When he finished and sat back, having done all he could, it was deep night.

It was that time that has no reality, when all the world seems to have come to a stop and the otherworldly hovers so close to the firmament on which we live that it's like one could reach out and touch the peace of God.

It seemed as though the touch of another world was over Alinia then as she clung tenuously to life, and to Will it almost seemed that the effect of laying down the hate that had consumed her had left her drained but peaceful, to fine for this world to hold any longer. She was like the threads of gossamer that spiders weave, beautiful but passing.

The breeze that riffled through the trees gave the illusion of the gentle wafting of angel's wings, brushing this world and wrapping the troubled soul within, returning it to the loved-ones it had missed so long.

But it was not to be, and the night passed with Alinia still hovering, walking dangerously close to that gauzy thread that separates life from death.

Will, exhausted with the stress of the previous night, lay outside the tent, slumped to the side where he had fallen asleep and toppled backward sometime in the wee hours of the morning. The coals of the fire had not survived the night, and lay in pale ashes, one last wraith of smoke wafting upward like the last gasp of the dying. But even as the fire died, Alinia lived, and even as the last breath of smoke spiraled upward and was lost, breath returned to her, and her eyes fluttered open.

On the limb of a tree that overhung the camp a robin burst into song and Will stirred and sat up, his brown hair tousled.

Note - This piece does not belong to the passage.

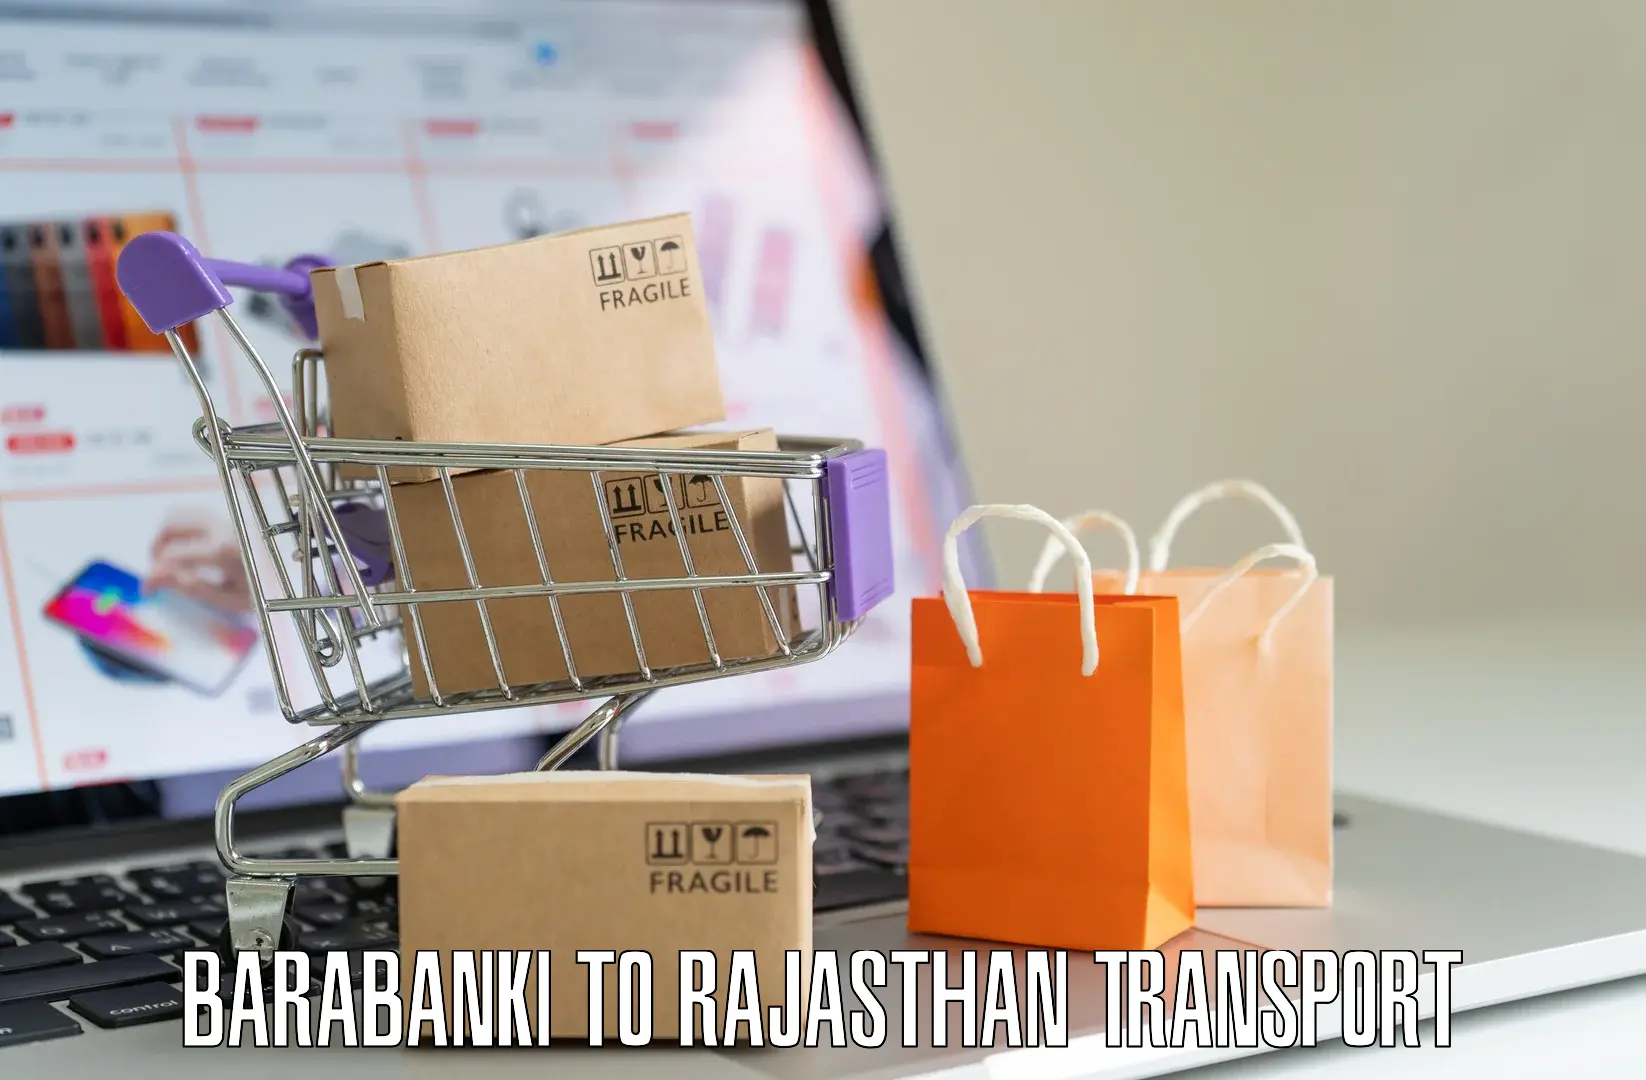 Transport services Barabanki to Bansur

He looked around as though wondering where he was, but before he could recall on his own it came back with the voice that mere hours before he thought he would never hear again.

"It's beautiful, isn't it?" Alinia said. "The sun, the forest, that little bird. Sometimes we forget how wonderful life is until it's too late to remember, but I've been given more time. Thank God, I've been given more time. It's so beautiful."

The sun burst in a glorious haze over the horizon, bathing the world in light.